Forty years ago today, a magazine advert proclaimed the arrival of the Intel 4004, an integrated circuit that combined enough components to form a self-contained processor on a single chip for the first time. The microprocessor was born.
Follow the link to see V3's microprocessor timeline.
As with many great innovations, controversy surrounds who actually invented the microprocessor, but Intel's 4004 was the first chip to become commercially available to anyone that might wish to build something with it, a move that would quickly lead to the birth of the microcomputer industry.
In fact, as Intel has pointed out, it was the company's expertise in silicon manufacturing technology that enabled it to produce a working chip where others with the same idea had failed, and staying at the cutting edge of manufacturing process technology continues to be a key goal for Intel.
The 4004 was produced in 1971 in response to an order from Japanese firm Busicom to drive a new electronic calculator, but Intel decided to produce a general-purpose solution that could be programmed for other tasks, rather than build a single-purpose dedicated set of circuits.
With just 2,300 transistors, the 4004 seems incredibly basic compared to the latest Intel Core processors that are approaching a billion transistors on a single chip, but the basic elements of today's CPUs can be seen in the design of the 4004.
The chip featured a 4-bit bus through which it communicated with the RAM, ROM and I/O components that Intel designed as a complete chipset to fulfil the Busicom contract.
Programmers were somewhat limited in what they could accomplish with the 4004; it could address no more than 4KB of program memory (ROM) and a maximum 1,280 words of 4-bit data memory (RAM).

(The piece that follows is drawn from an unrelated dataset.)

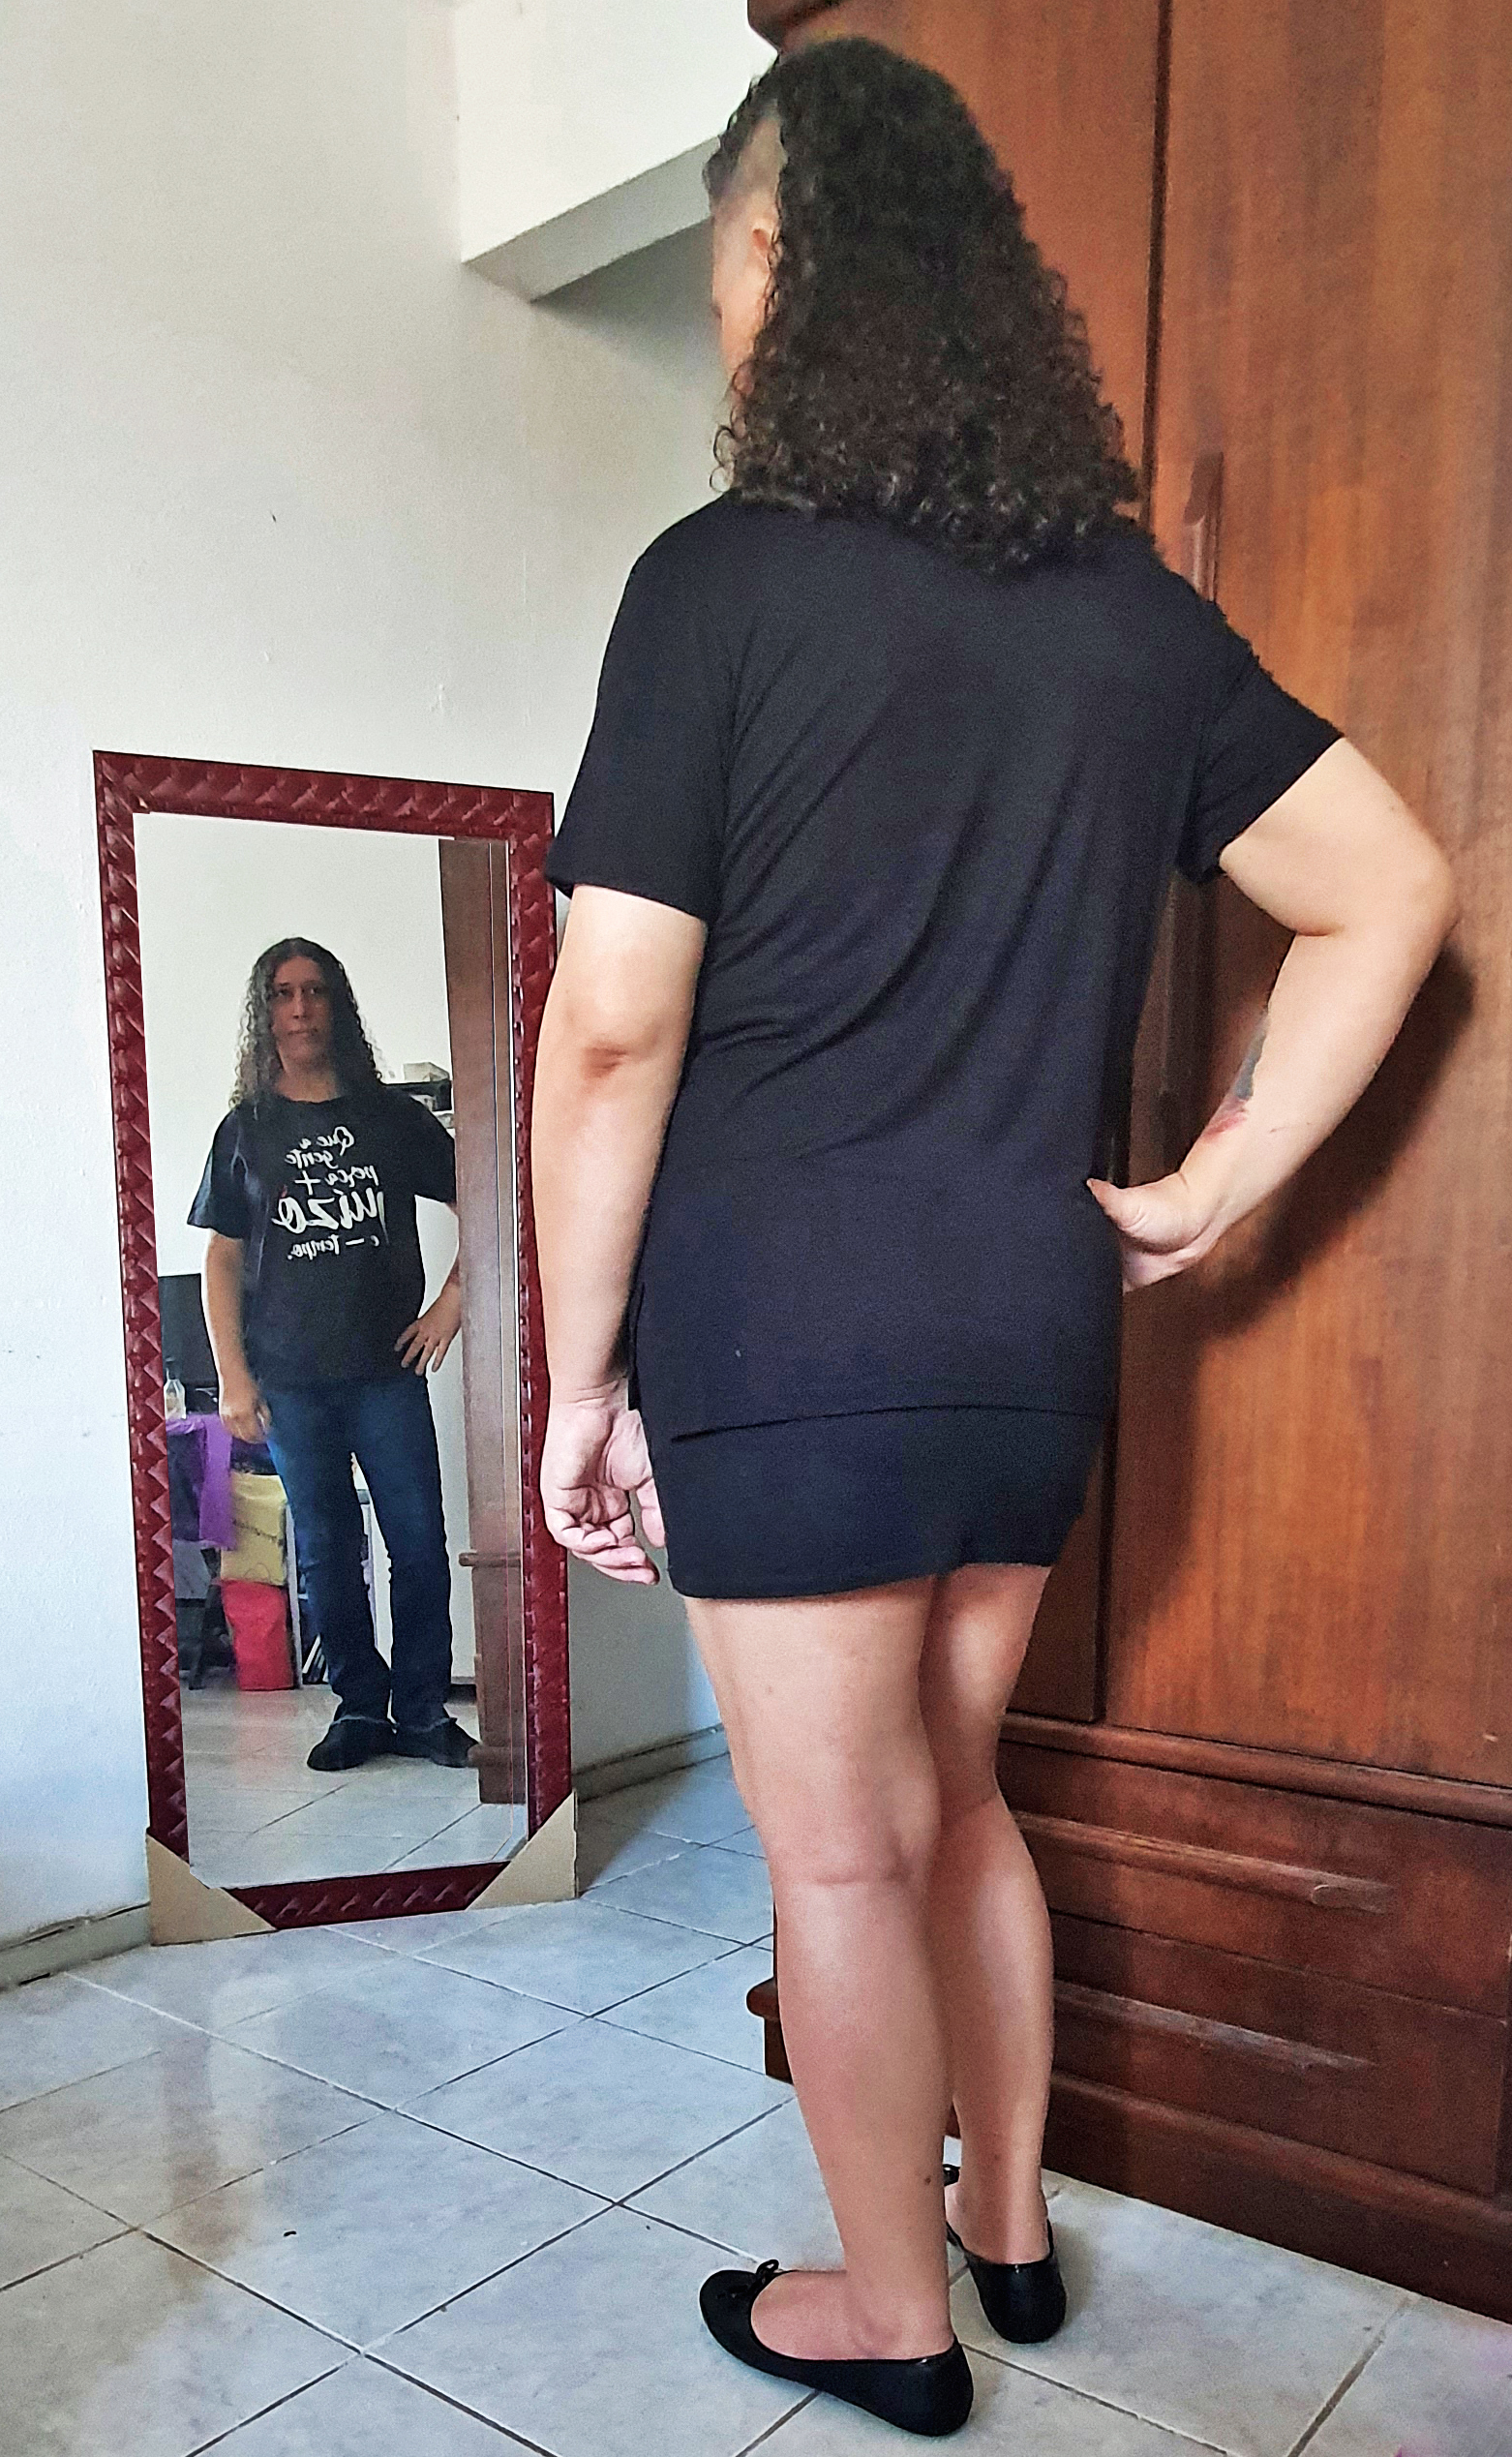 Pessoa se olhando no espelho, usando blusa preta, minissaia preta e sapatilhas. O reflexo está usando camisa preta, calça jeans azul e tênis.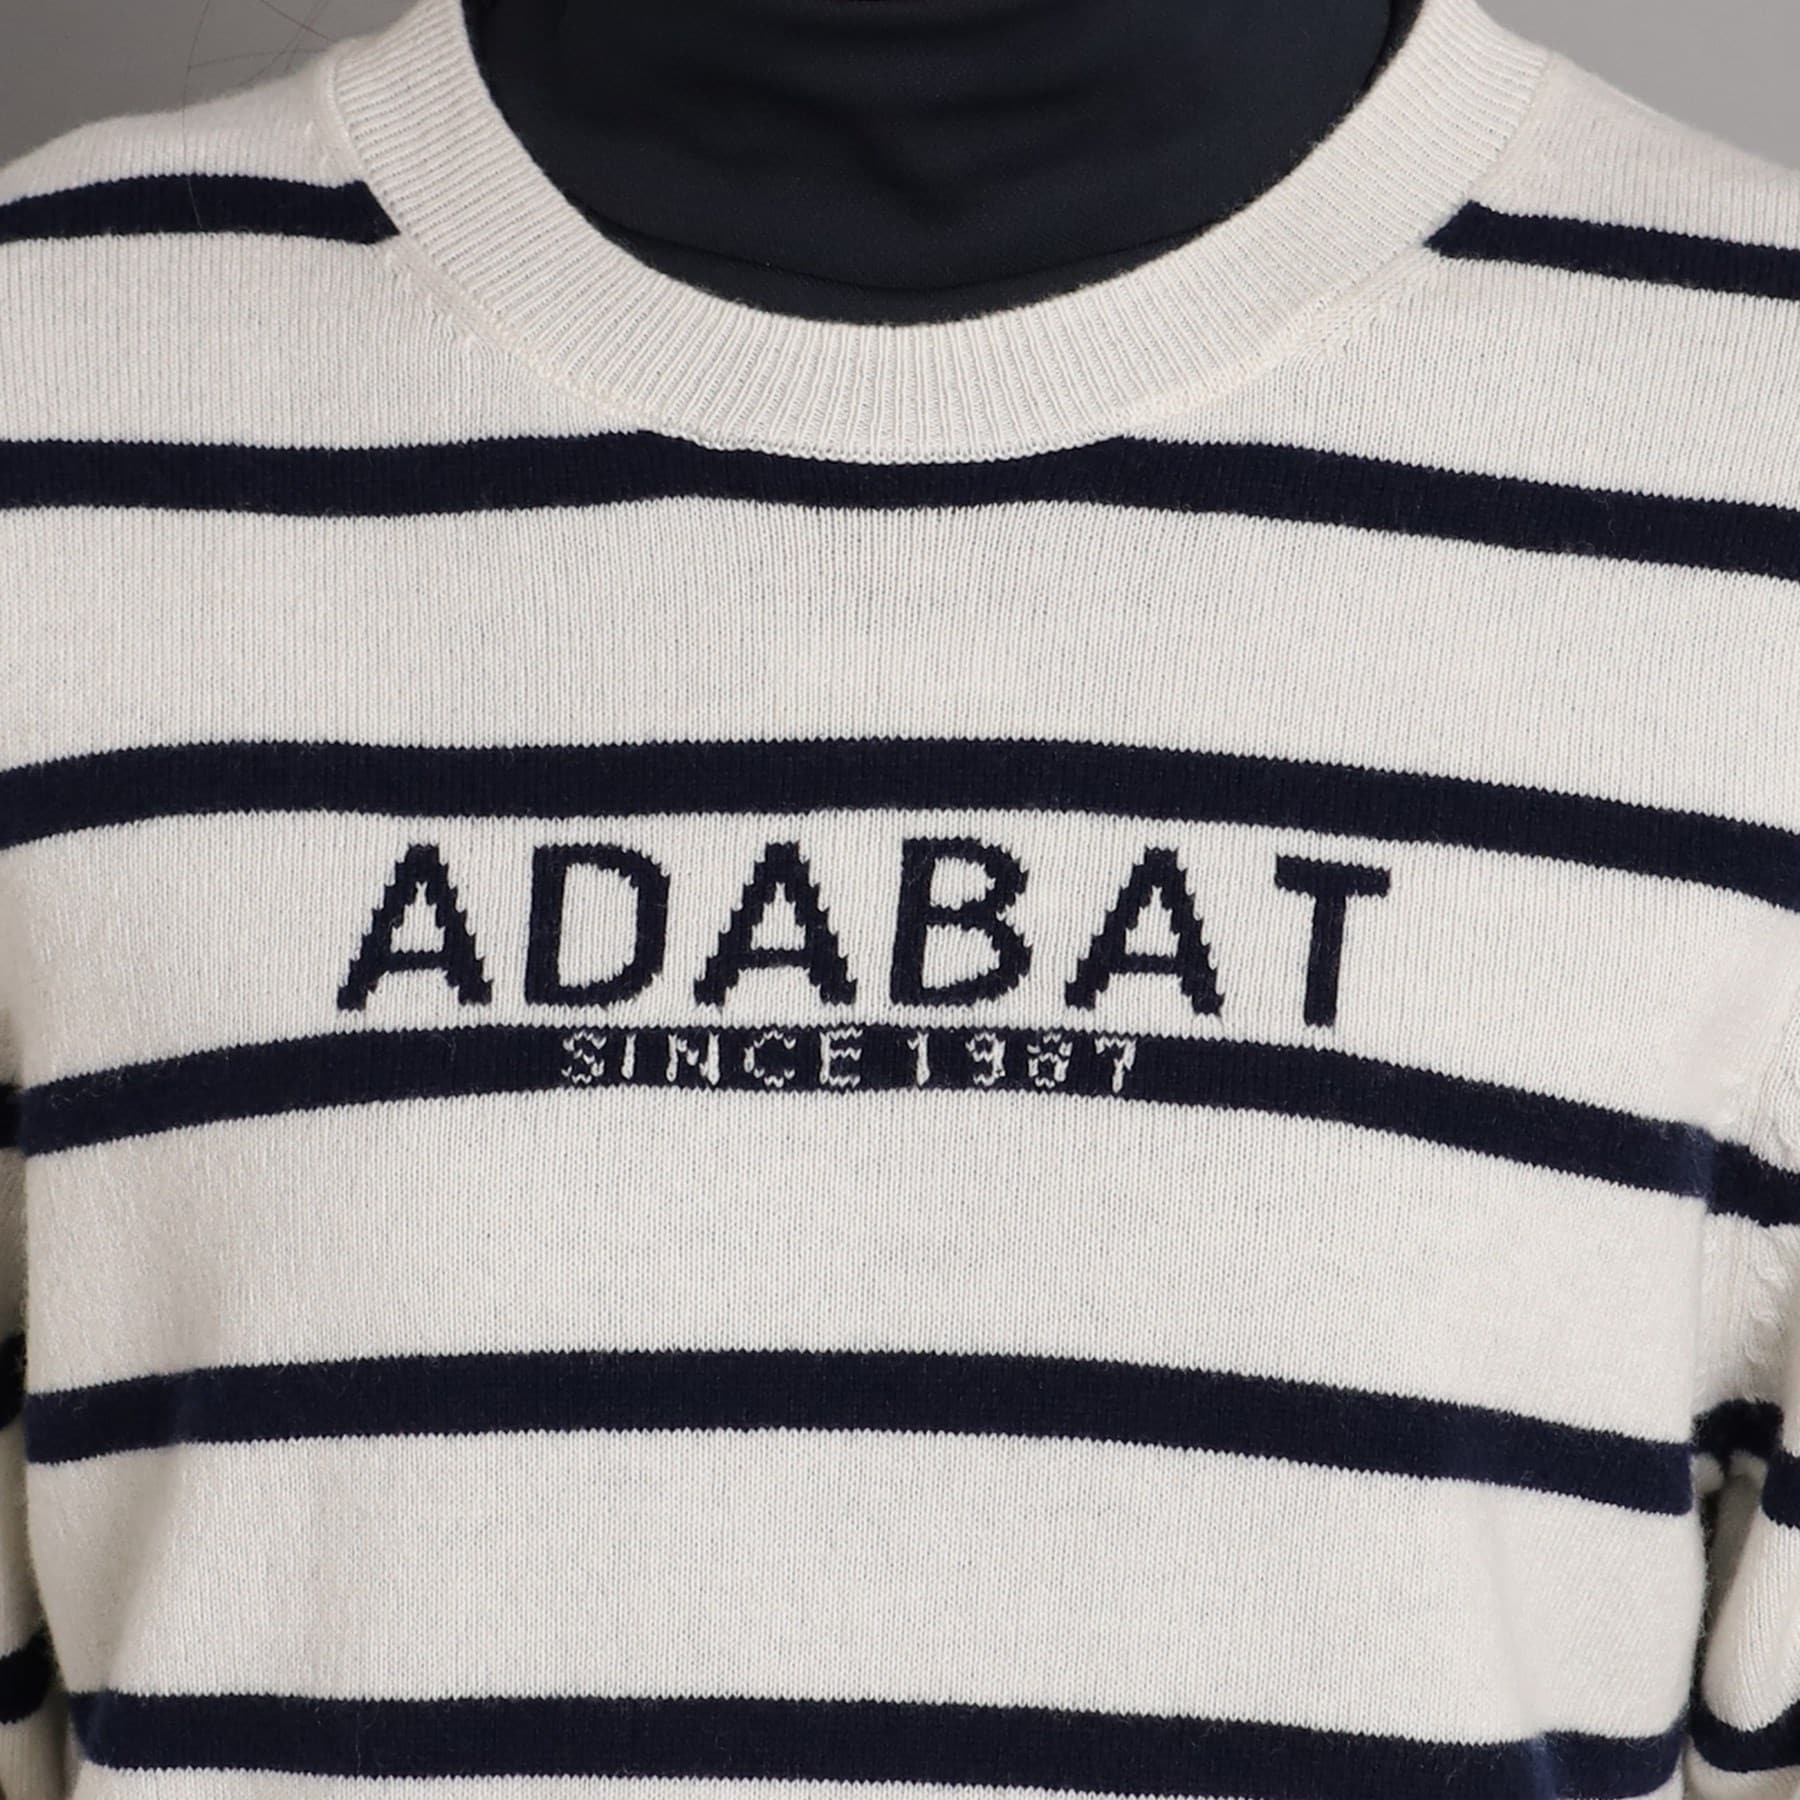 アダバット(レディース)(adabat(Ladies))のロゴデザイン クルーネックセーター31

However, it should be noted that early products like the 4004 were viewed at the time as solutions for process control, to be embedded into devices such as calculators, printers and other equipment as a controller rather than to produce a general-purpose programmable computer.
Intel followed up the 4004 with the 8008, the first 8-bit microprocessor to come to market in 1972. This could address up to 16KB of memory, and powered some very early microcomputers, despite its limitations.
Microprocessors and microcomputers really started to take off with the launch of Intel's 8080 chip in 1974. With a memory space of 64KB and a clock speed up to 2MHz, this set the template for many 8-bit processors that followed, especially the Zilog Z80, which was software compatible with the 8080.
The 8080 formed the basis of the legendary Altair 8800, one of the first personal computers, which was sold as a kit for hobbyists to build themselves.